Первый ярус был отведен под технические нужды – генераторная, крошечная мастерская да санитарный блок размером со шкаф.
Не очень много места для человека, привыкшего к просторам бальных залов и палубам космических крейсеров. Мне этого хватало с избытком.
Маяк стоял на косе – это была узкая каменистая насыпь, изгибавшаяся полумесяцем, длины в ней было ровно сто семь метров. Сто семь метров пустой земли, где ничего не росло, лишь гнили наносимые морем водоросли. Коса едва поднималась над водой, при волнении в четыре балла волны перекатывались над ней, поднимая пенные гребни. Я иногда приходил сюда, чаще по утрам, когда над морем еще трепетал осторожный и прохладный утренний бриз. Здесь было приятно посидеть, опустив ноги в мутную лазурь воды. Изредка на косу садились птицы – здешние чайки с пушистым белым воротником и внимательными черными крапинками глаз. Но и они не задерживались здесь.
Я был хозяином целой планеты. Я мог взять катер, погрузить на него запас еды на неделю и уйти в долгий рейс к экватору. Аппаратура маяка работала в автоматическом режиме, вмешательство человека ей не требовалось. Я был самым бесполезным устройством на этой планете.
У меня ушло четыре года. И целая планета.
Как и полковник, я оторвался от мира, заперся в облюбованной раковине. Самое полезное и самое глупое, что можно сделать в такой ситуации. Пару раз в год приходили новости из дома. Я их просматривал мельком и неохотно. Меня помнили. Приходили письма от разных людей. В письмах были разные слова, написанные разным почерком, но все они говорили одно. Один раз, напившись, я собрал все и сжег на косе. Багровый отблеск огня отражался на спокойной глади воды. После этого я попросил чтобы личную корреспонденцию ко мне не спускали. С каждым годом писем приходило все меньше.
На третий год прибыл инспектор. К его прибытию я устроил изрядный бардак на маяке, одел самую грязную рабочую одежду и за ужином выпил одну за другой три бутылки «Шардоне», после чего пел хриплым голосом под сенсетту песенки не всегда пристойного содержания, хохотал дьявольским смехом и приглашал его на танец. Инспектор проглотил спектакль с постной рыбьей рожей, холодно пожелал успехов на новом месте службы и отбыл в тот же день. Больше проведать меня никто не являлся, а через некоторое время доползли слухи о том, что молодой ван-Ворт окончательно спился, сходит с ума и долго, конечно, не протянет. «Там» молчали – со своими обязанностями я справлялся, придраться по большому счету было не к чему. Новость о том, что я постепенно выживаю из ума пришлась кстати – подозреваю, они надеялись, что я загоню себя в гроб сам, без посторонней помощи. Да я в общем-то и сам не был против. Маяк был последней точкой в кривом пунктире графика, отображавшего мою жизнь.

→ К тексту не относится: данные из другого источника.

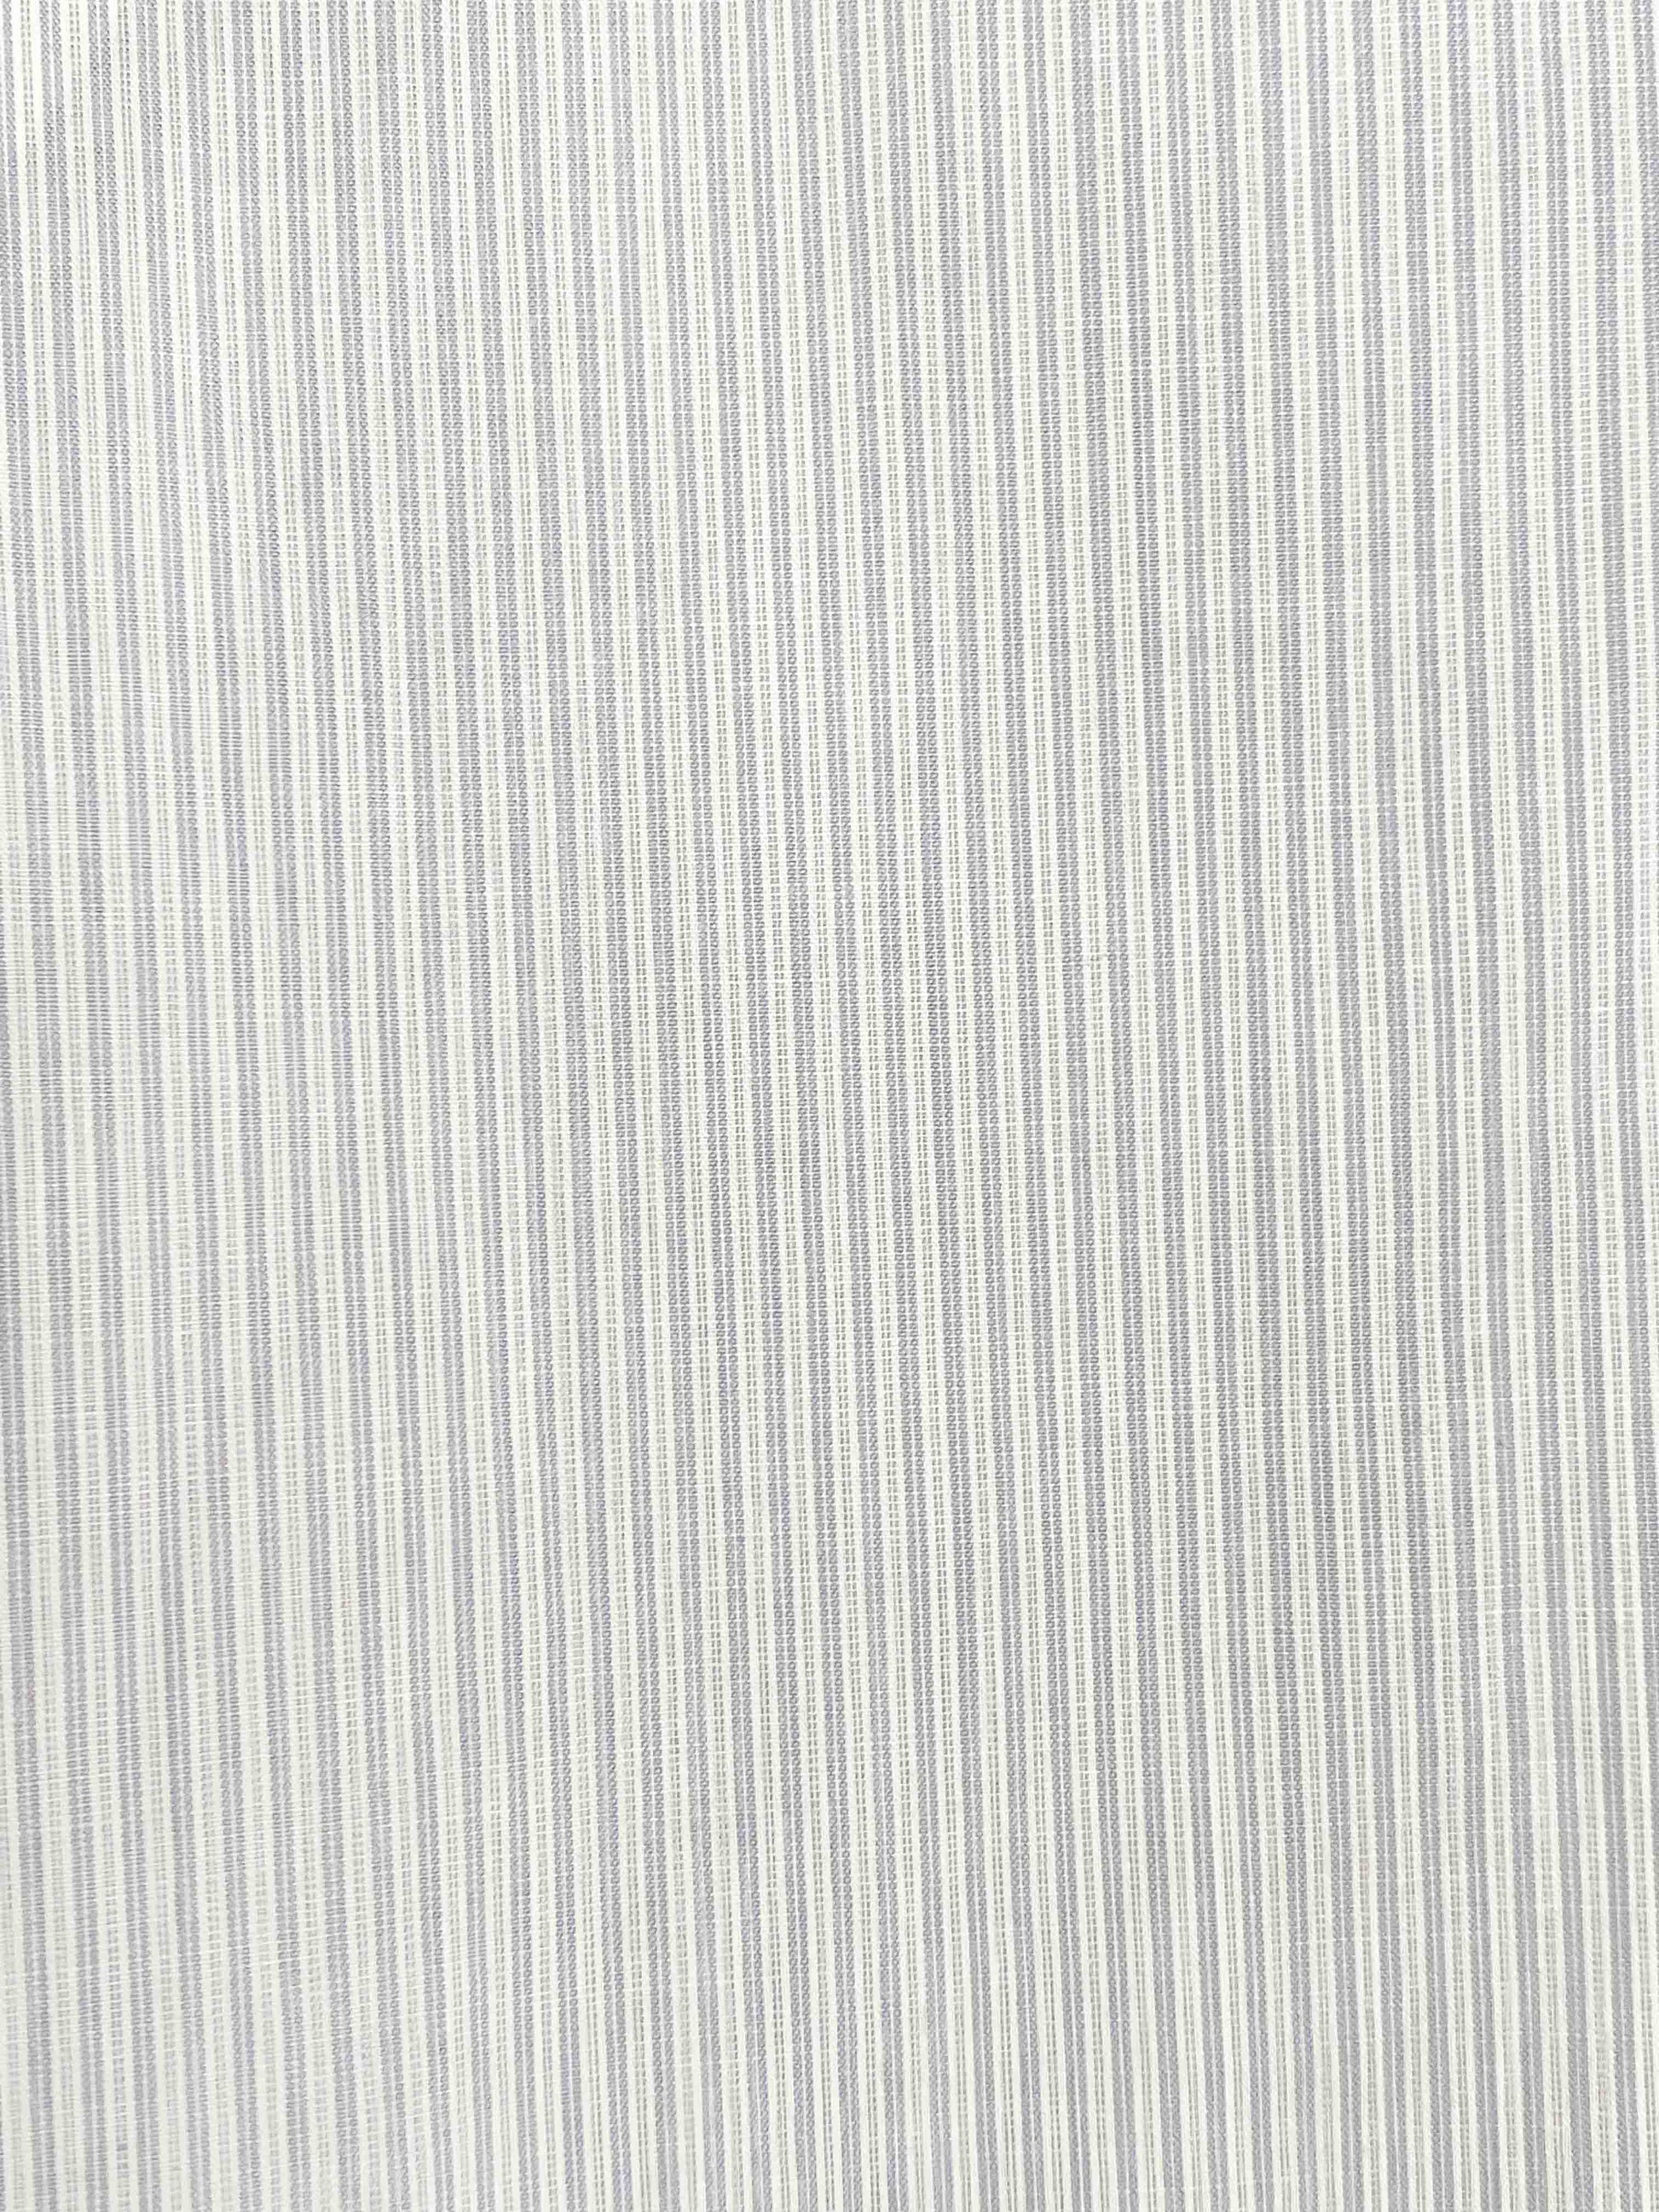 close up of dream stripe fabric, a soft blue and white woven micro stripe.

За четыре года я научился жить и терпеть общество – самого себя. Это уже было неплохим достижением. Одиночество и вино быстро сделали из меня мрачного и философствующего циника, хотя я и раньше был склонен к подобному.
Маленький Принц термоядерного века, я владел всей планетой. Неплохая карьера для в прошлом блестящего и перспективного молодого скай-капитана.
Я учился жить заново.
Фрегат кайхиттенов исчез мгновенно. Маленькая точка на экране вспыхнула и тотчас погасла. Но еще пару секнуд я продолжал видеть ее – нечеткий отпечаток на сетчатке глаза.
Я закрыл глаза и сидел так несколько минут. Хотя знал, что все сделал правильно. Просто смотреть на свои руки было неприятно. Одним нажатием кнопки я уничтожил людей, не меньше десятка, это стоило минуты молчания.
– Все, довольно! – сказал я громко сам себе, – Траур окончен.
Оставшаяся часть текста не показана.